Dataset excerpt:

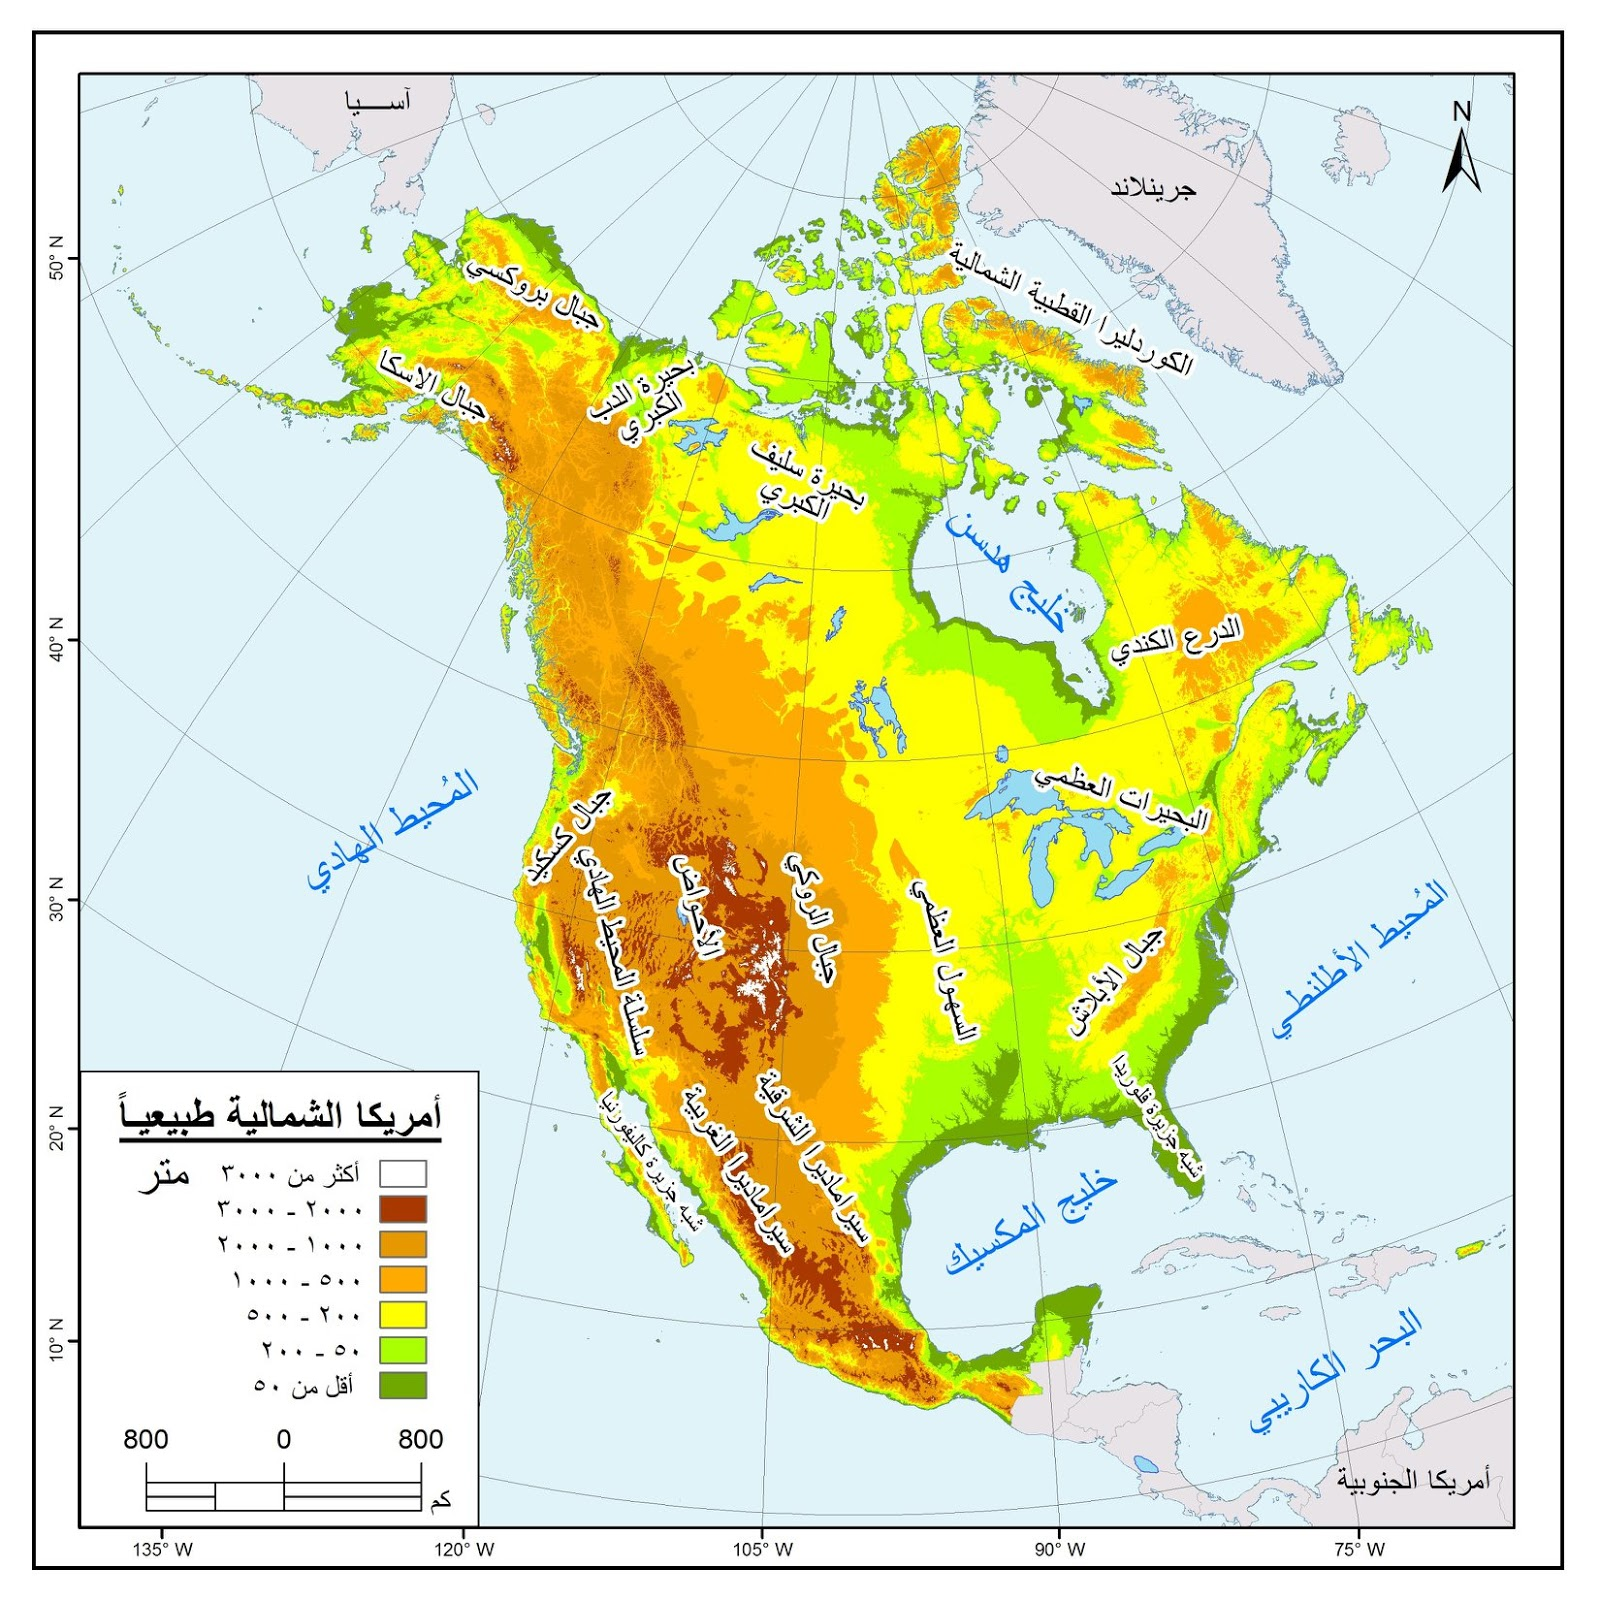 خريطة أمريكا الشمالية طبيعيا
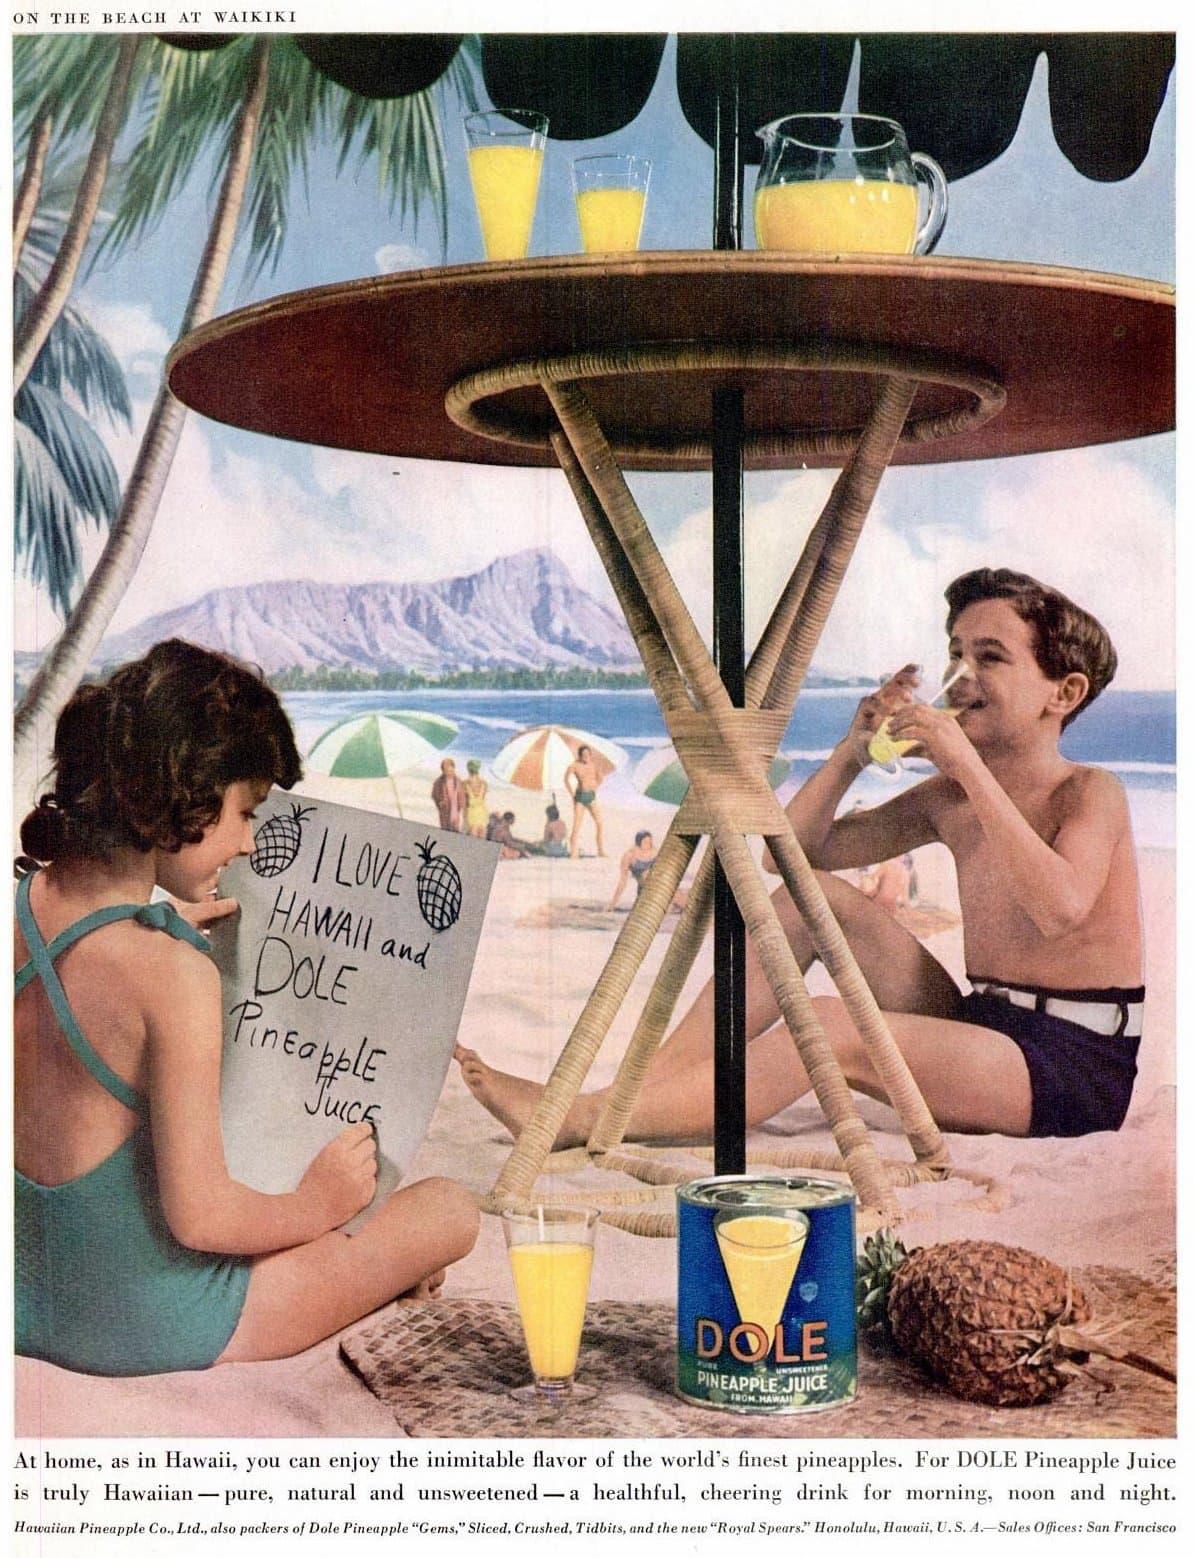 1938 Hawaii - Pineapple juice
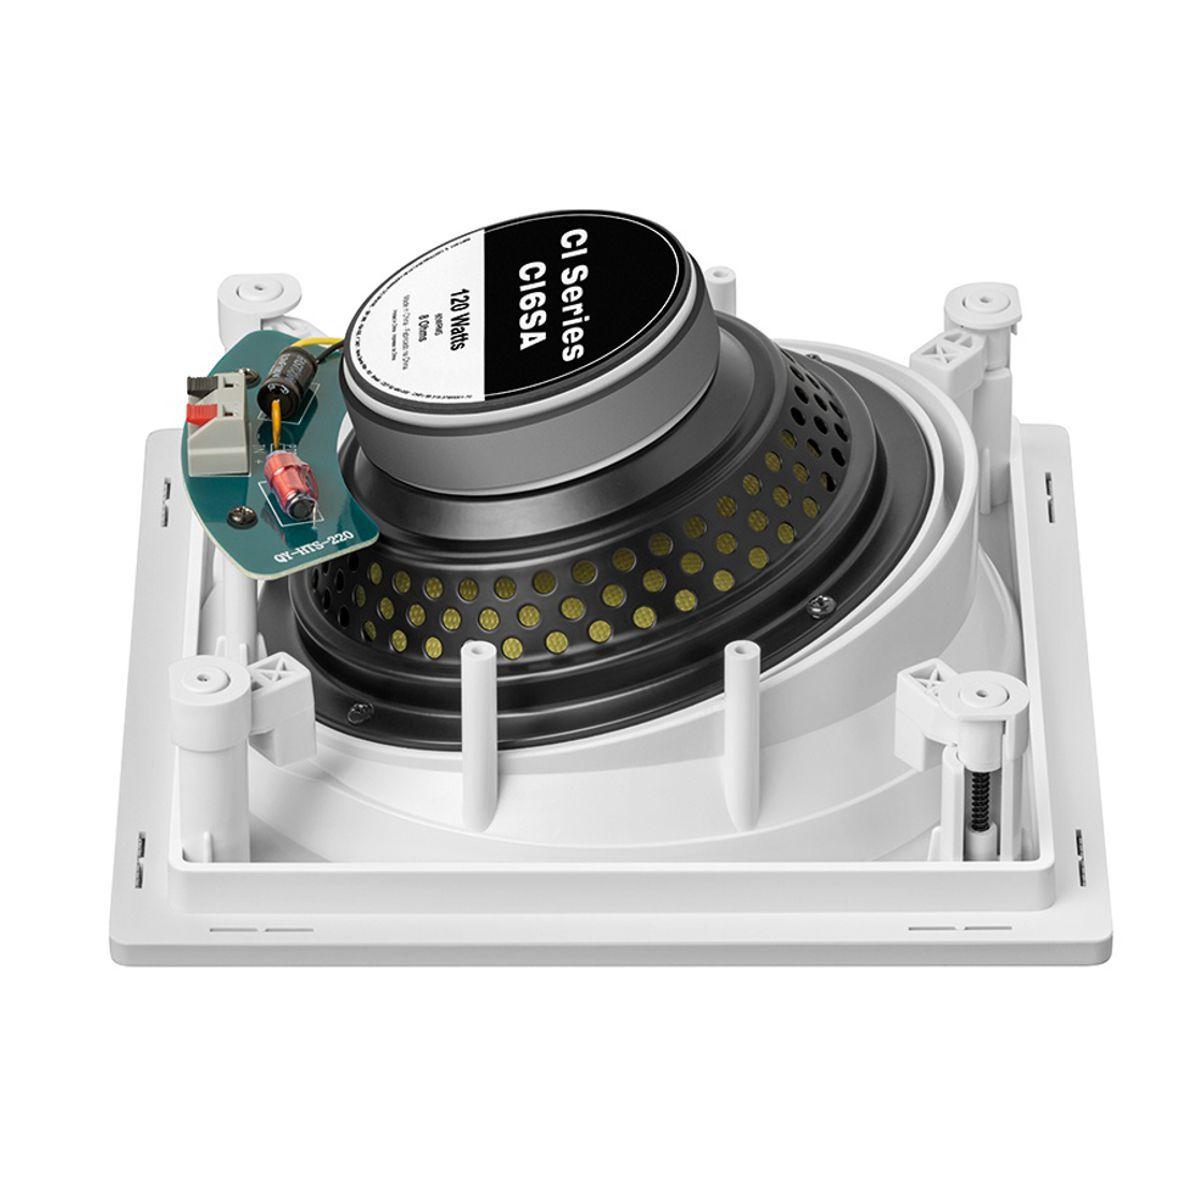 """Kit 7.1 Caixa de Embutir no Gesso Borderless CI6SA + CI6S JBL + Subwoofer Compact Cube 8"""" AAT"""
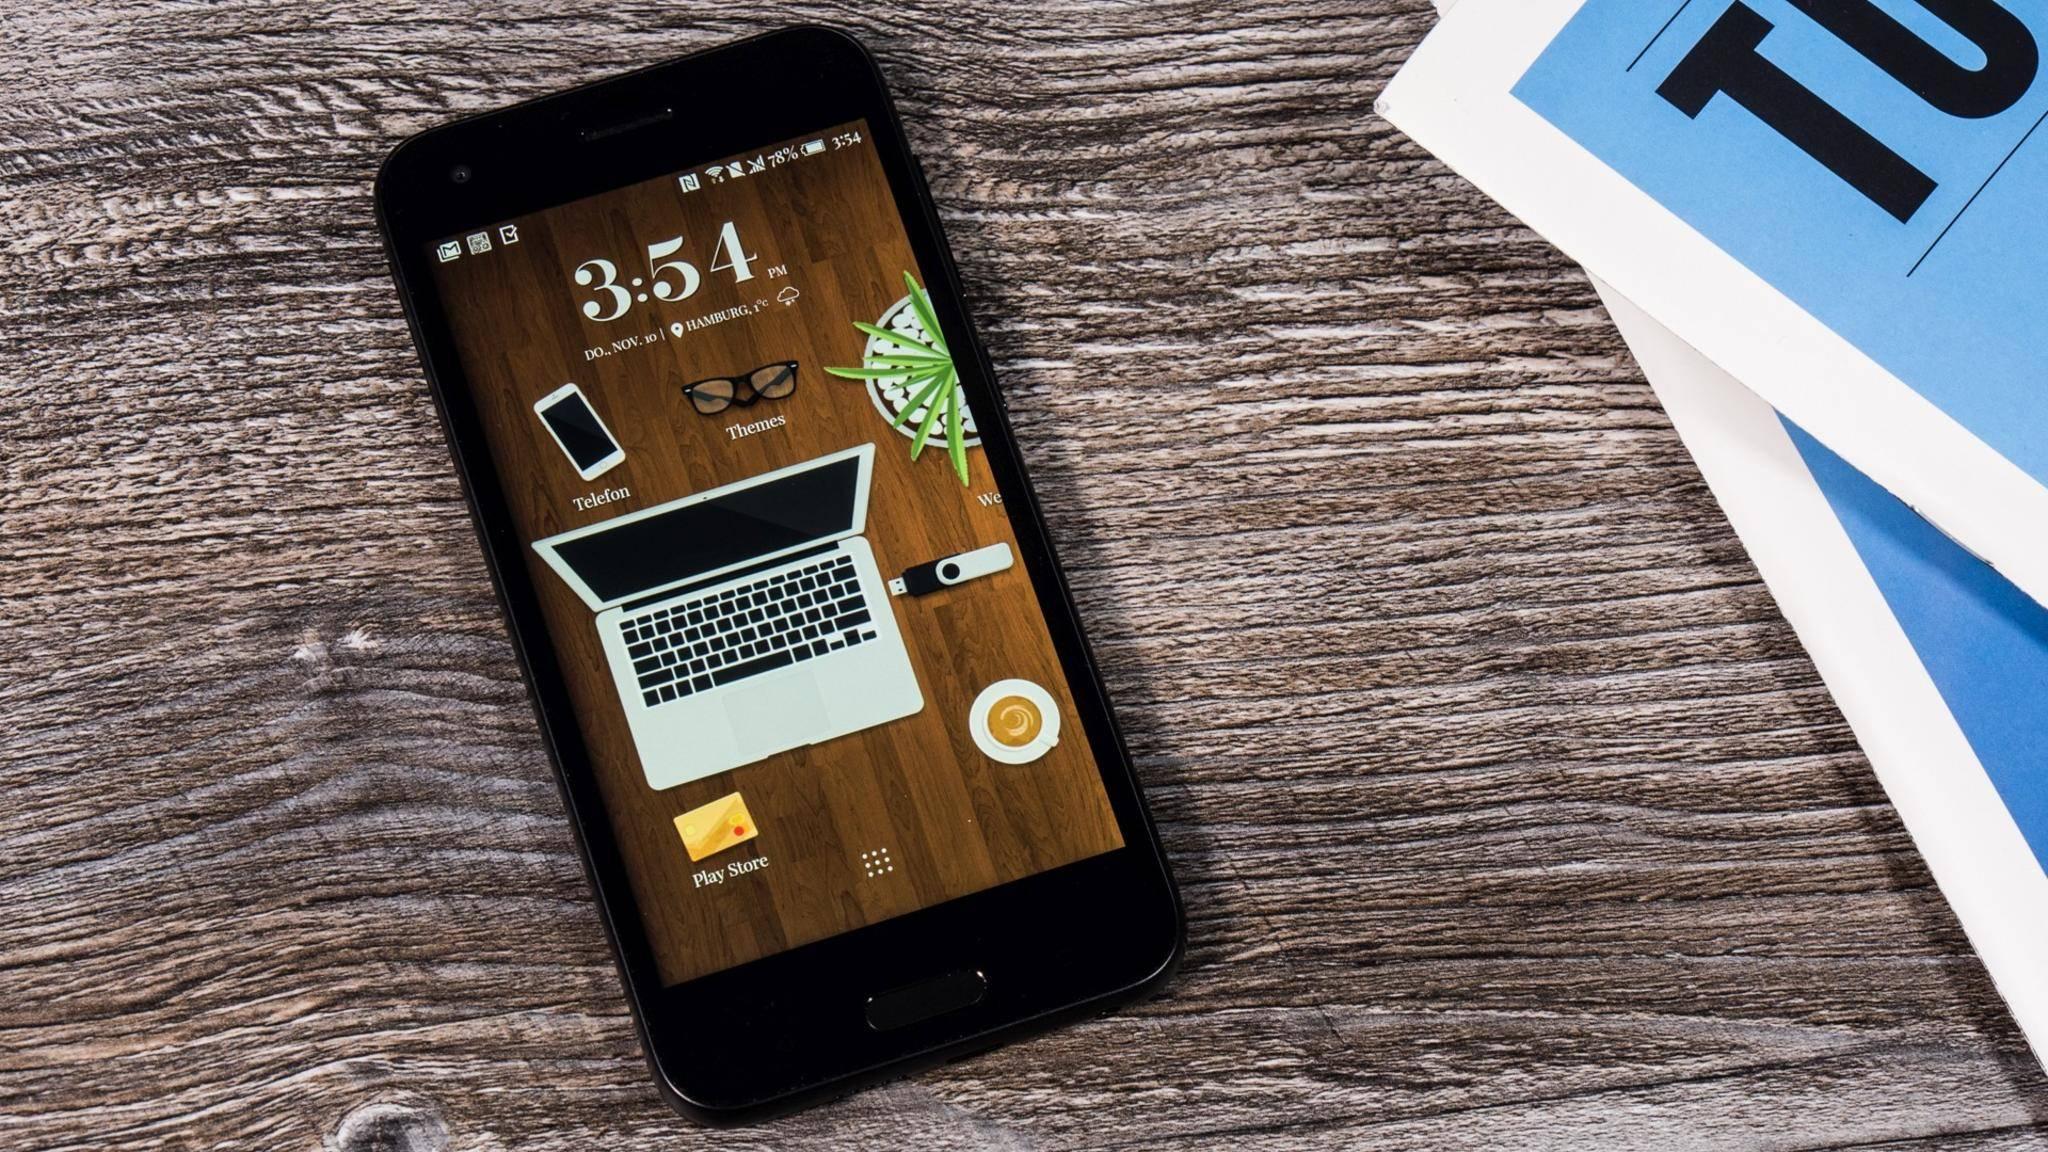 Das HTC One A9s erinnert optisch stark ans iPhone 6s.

What the task asks: Reprint the listing above exactly, without images.

Response area:
 خريطة أمريكا الشمالية طبيعيا
 1938 Hawaii - Pineapple juice
 """Kit 7.1 Caixa de Embutir no Gesso Borderless CI6SA + CI6S JBL + Subwoofer Compact Cube 8"""" AAT"""
 Das HTC One A9s erinnert optisch stark ans iPhone 6s.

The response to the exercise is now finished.